Czechia still not ready to adopt the euro

The Finance Ministry and Czech National Bank said the country will not meet the required targets in the near future.

Expats.cz Staff

Written by Expats.cz Staff Published on 07.12.2022 11:00:00 (updated on 07.12.2022) Reading time: 3 minutes

The Czech government should not yet set a date for adopting the euro, according to a document submitted to the cabinet by the Finance Ministry and the Czech National Bank (ČNB). The Czech Republic will not meet any of the Maastricht criteria for joining the eurozone this year or next.

When the Czech Republic joined the European Union in 2004, one of the conditions was that it would adopt the euro. No firm deadline was set at that time, and there is no penalty for delays. It is up to each country to decide when it will join, and then embark on the process of meeting the euro convergence criteria, known as the Maastricht criteria.

"Although the specific date of entry is entirely up to each member state, it should ideally be based on its level of readiness. The analysis in this document shows that the Czech Republic is very unlikely to meet the benchmarks of any of the Maastricht criteria in 2022 or 2023," the Finance Ministry said, according to ČTK.

Four elements of the Maastricht criteria

  • Price stability: The country's inflation rate must not exceed by more than 1.5 percentage points the average inflation rate of the three eurozone countries with the lowest price growth.
  • Long-term interest rate: The long-term interest rate be no more than 2 percentage points above the average of the three eurozone countries with the lowest inflation.
  • Public finance: The budget deficit can’t exceed 3 percent of GDP and the debt ratio can’t be higher than 60 percent of GDP.
  • Exchange rate stability: The country must spend two years in the revised European Exchange Rate Mechanism (ERM II).

Several countries that joined the EU at the same time as the Czech Republic adopted the euro fairly quickly.
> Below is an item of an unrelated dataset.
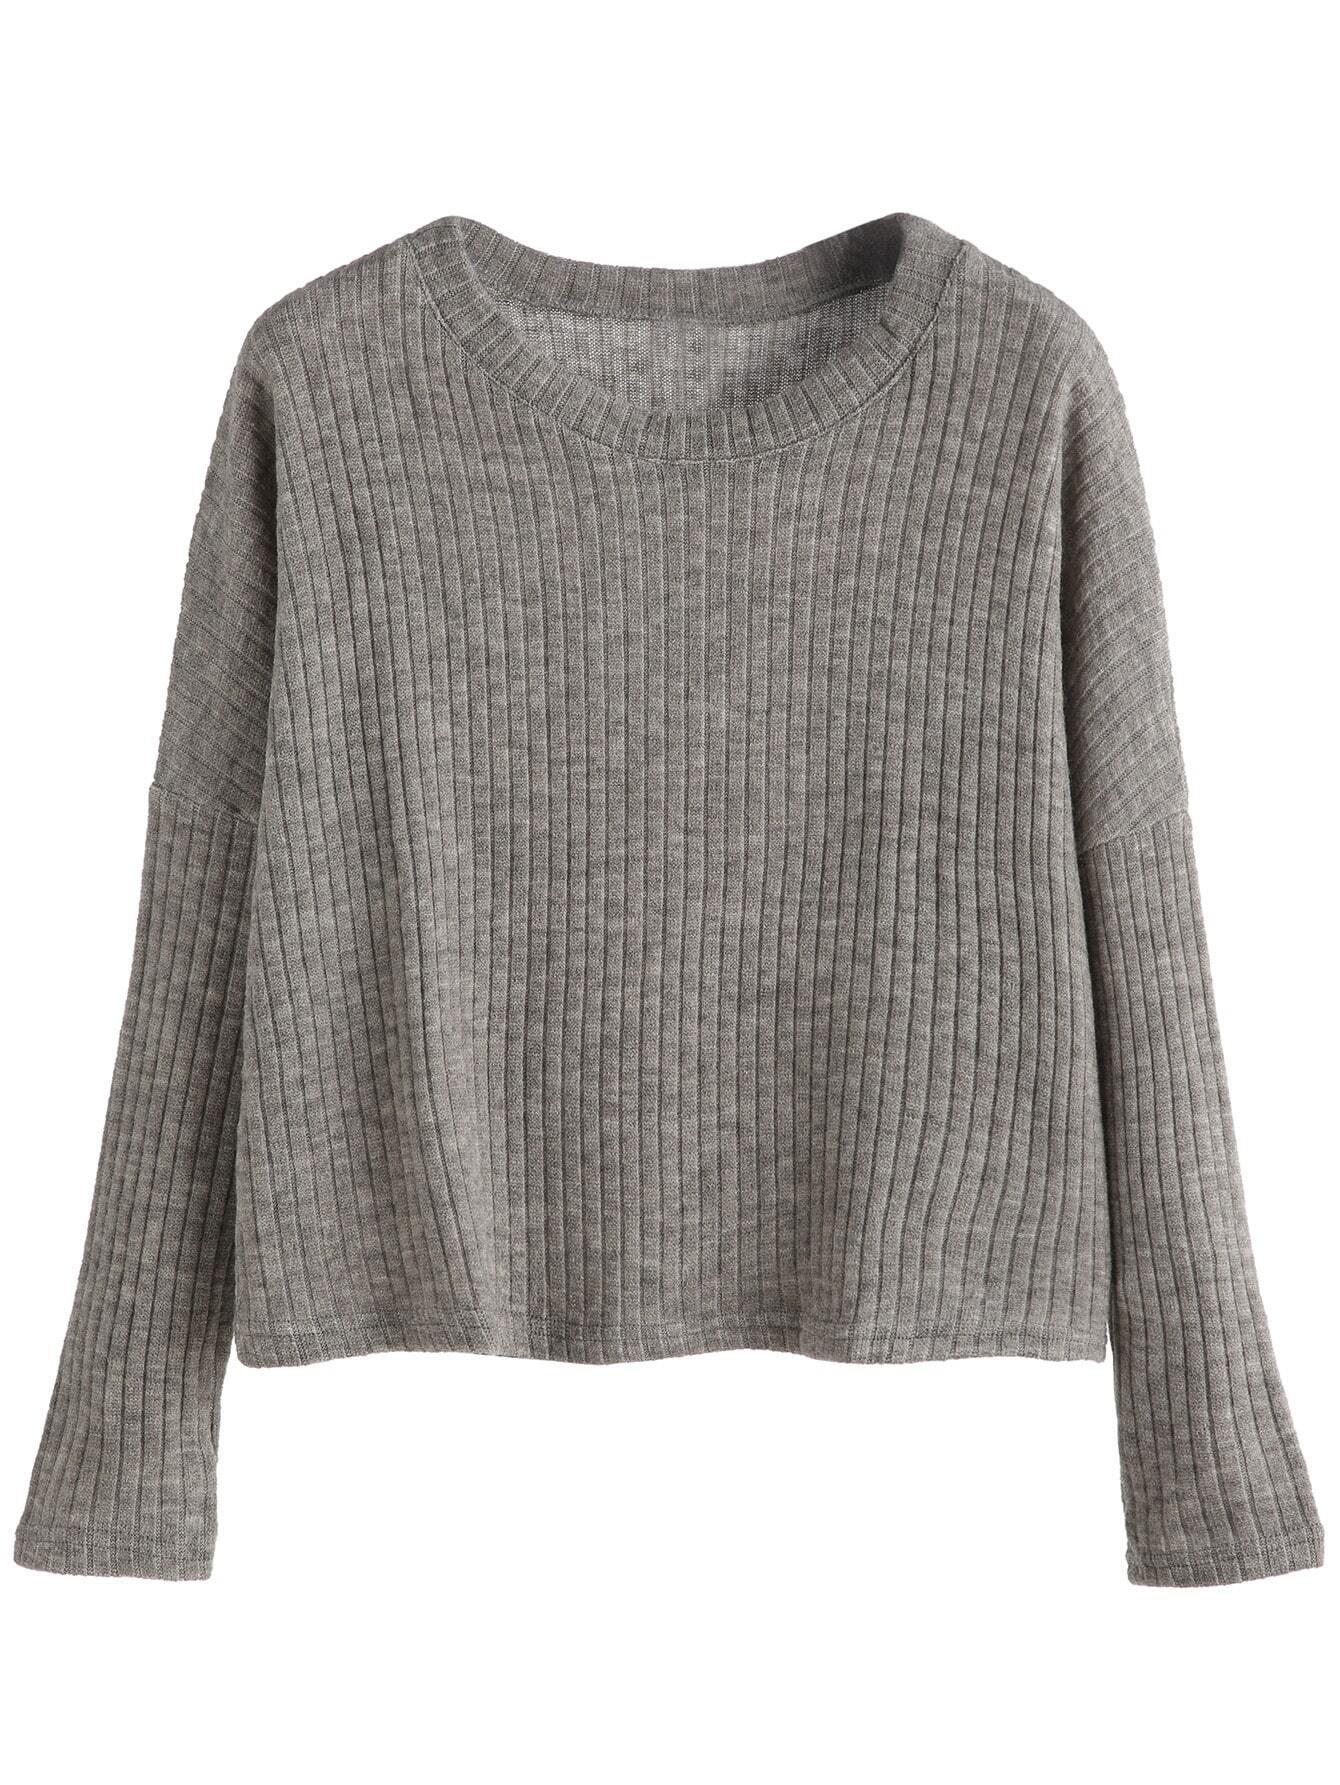 Grey Dropped Shoulder Seam Ribbed Sweater RKNI160909103

Slovenia joined in 2007, while Cyprus and Malta followed in 2008, and Slovakia in 2009; all of them are now part of the eurozone. The Baltic nations all joined the EU between 2011 and 2015. Croatia, which joined the EU in 2013, plans to adopt the euro on Jan. 1, 2023.

On the other hand, Sweden joined the EU in 1995 and has not yet made any moves to adopt the euro.
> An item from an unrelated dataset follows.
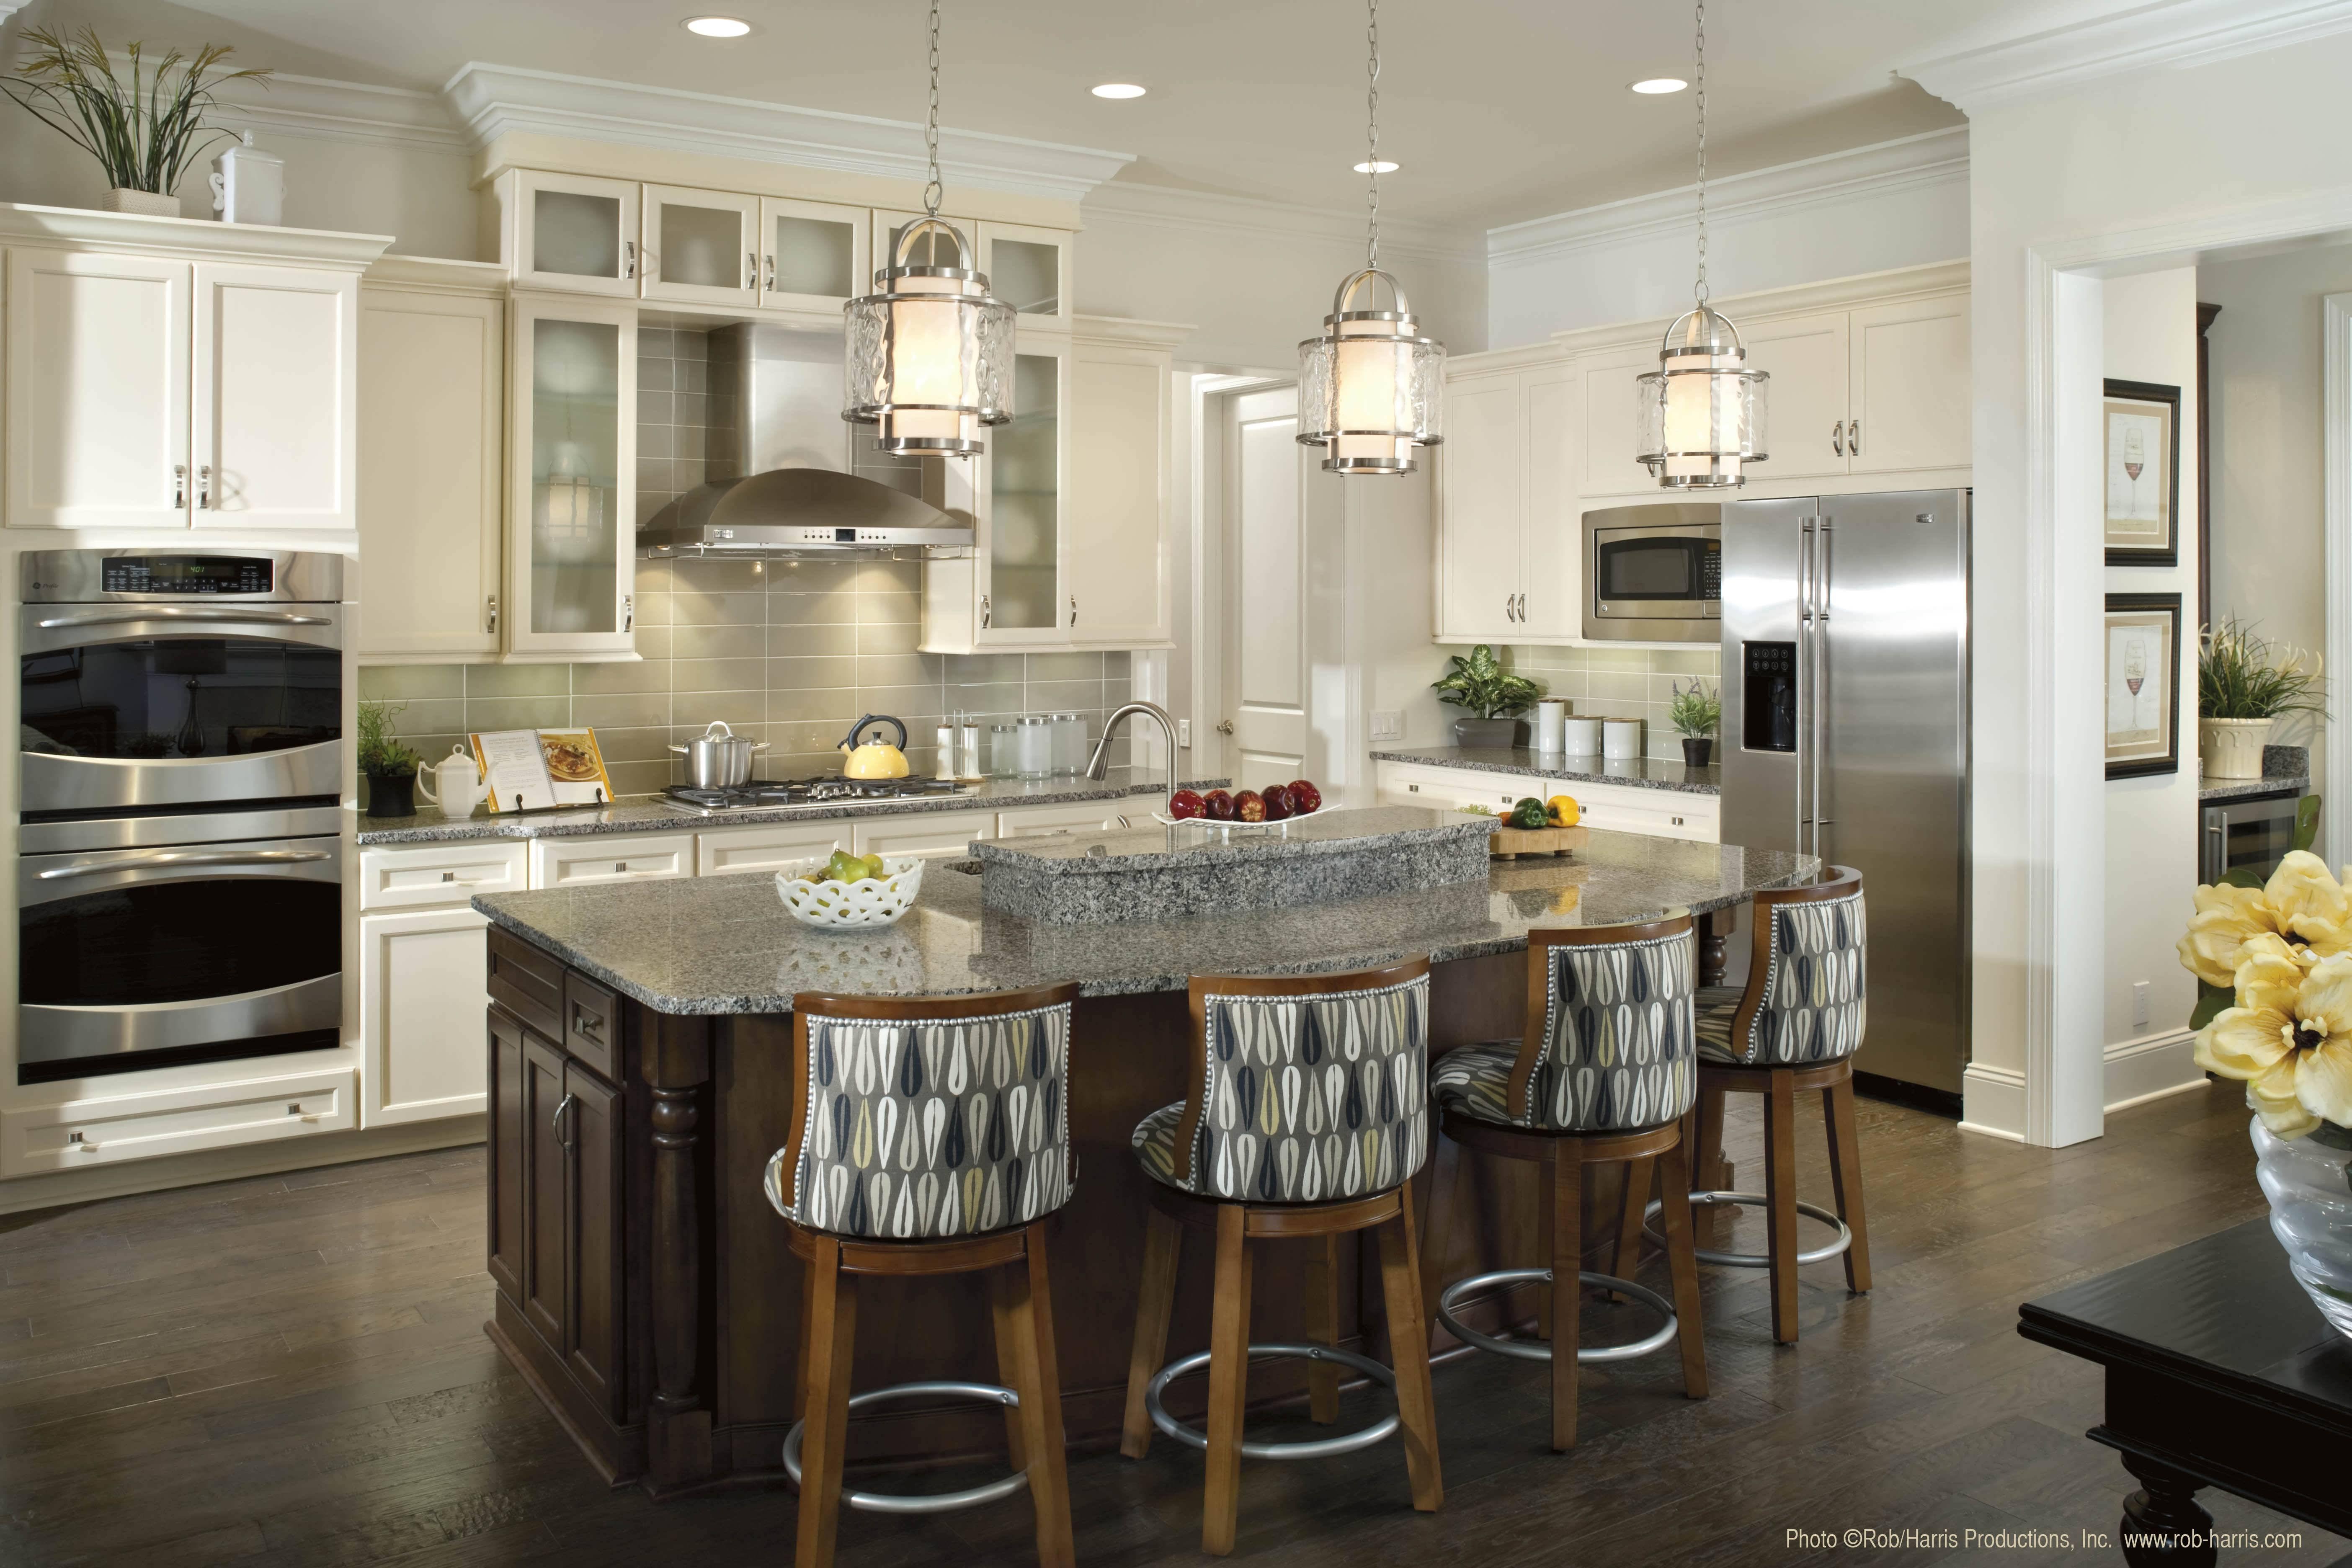 Kitchen : Pendant Kitchen Island Lights Light Fixtures For The inside Mini Pendants Lights For Kitchen Island (Image 4 of 15)

In the material for the government, the Finance Ministry and the ČNB recommend that, given the current failure to meet the criteria, the Czech Republic should not set a deadline for the introduction of the euro and also not seek to join ERM II for the time being.
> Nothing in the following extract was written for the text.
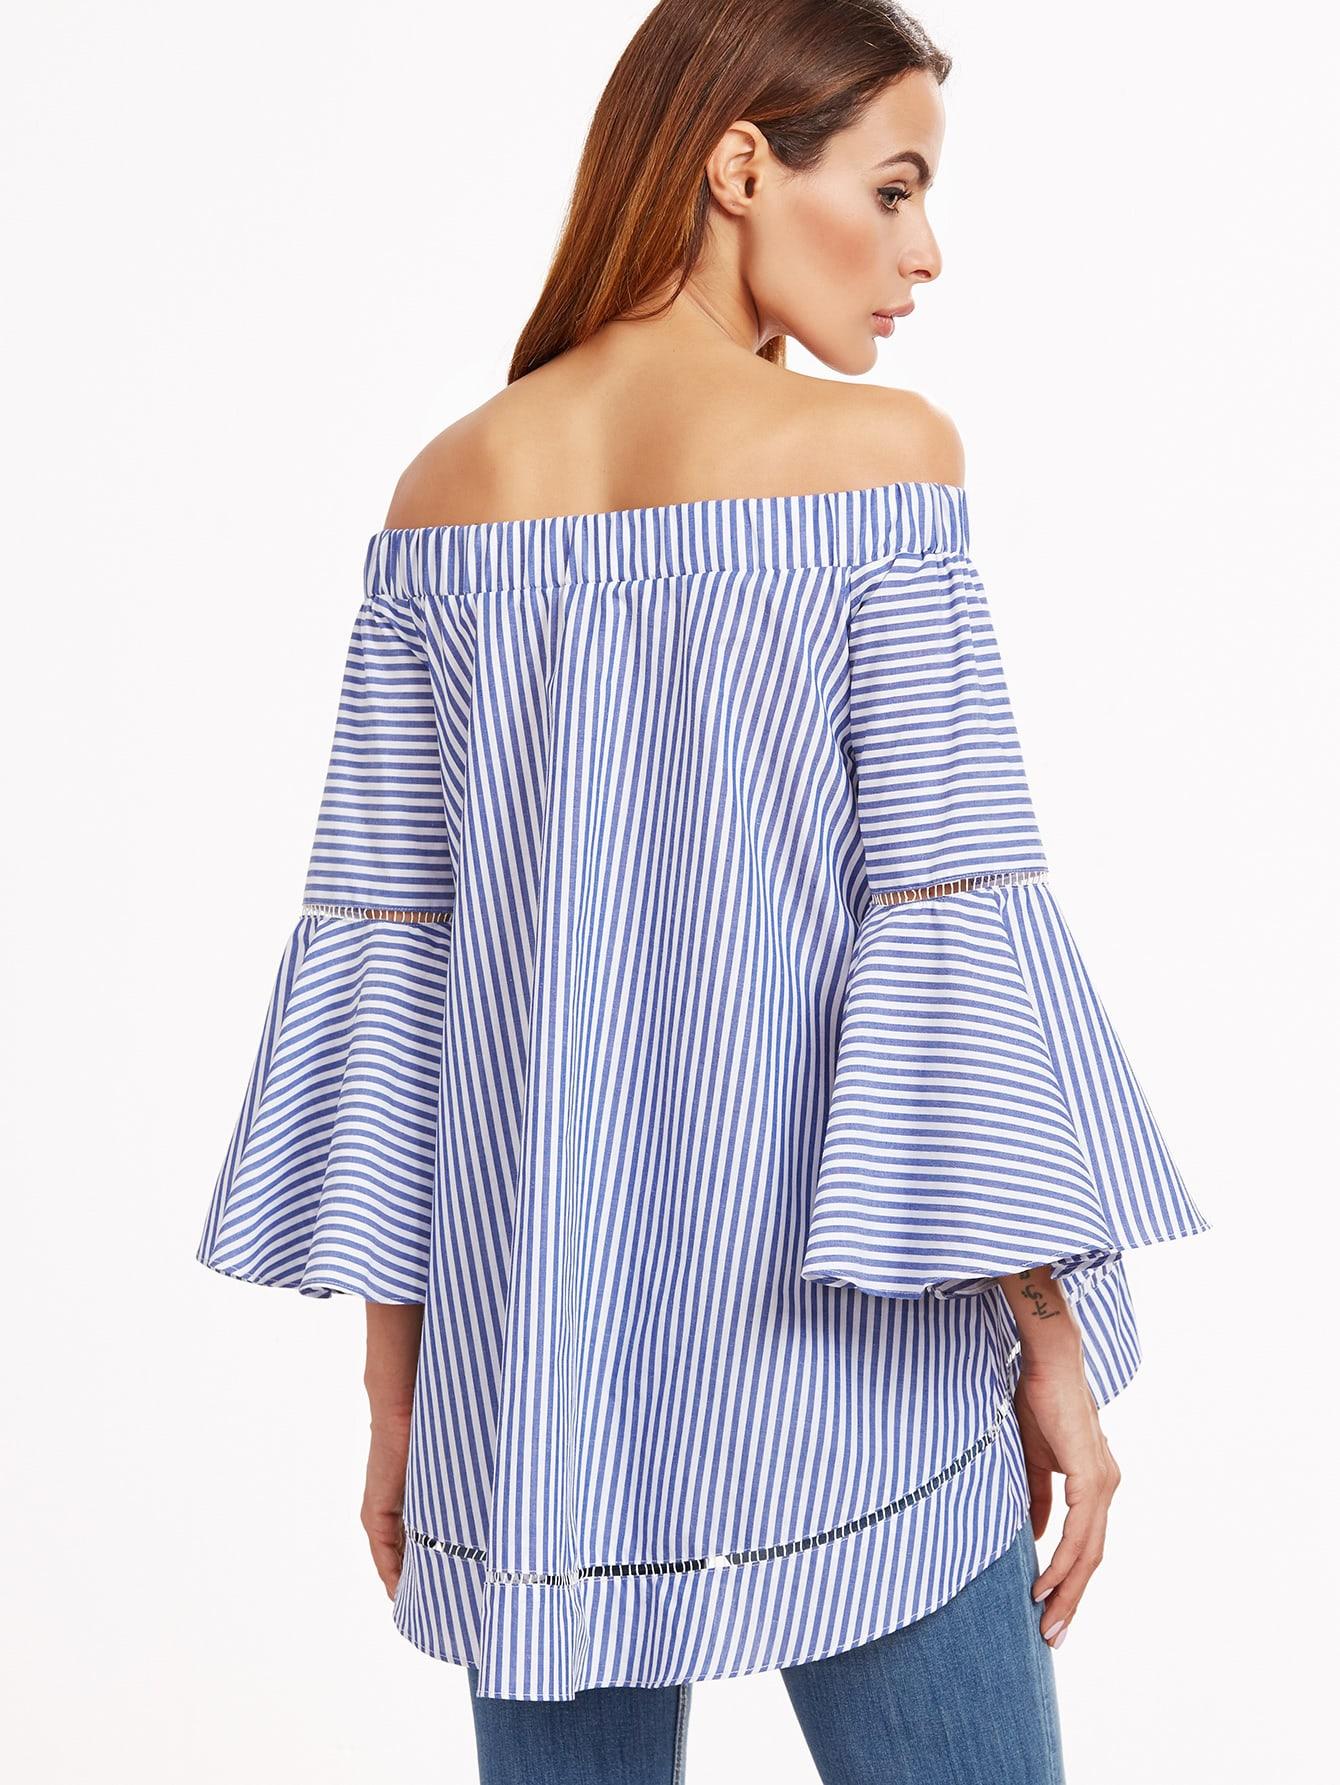 blouse161111703_2

The government’s program statement does not make a commitment to set a deadline for adopting the euro by the end of its term in 2025. However, the document commits the cabinet to meeting the Maastricht criteria as soon as possible.

The issue has divided politicians and experts. The TOP 09 party, which is part of the government coalition, in July urged adopting the euro as soon as possible to boost the economy. Michal Skořepa, an economic analyst at Česká spořitelna, in June said that the Czech Republic’s independence from the eurozone may be a bonus in retaining foreign investor confidence.  

An analysis in 2021 by the ČNB pointed out the pros and cons of euro adoption for the Czech Republic. It said a big benefit would come from the country’s strong trade links with other EU countries. Risks include the economic differences between the Czech Republic and the EU as a whole such as the unusually high proportion of industry in Czech national GDP.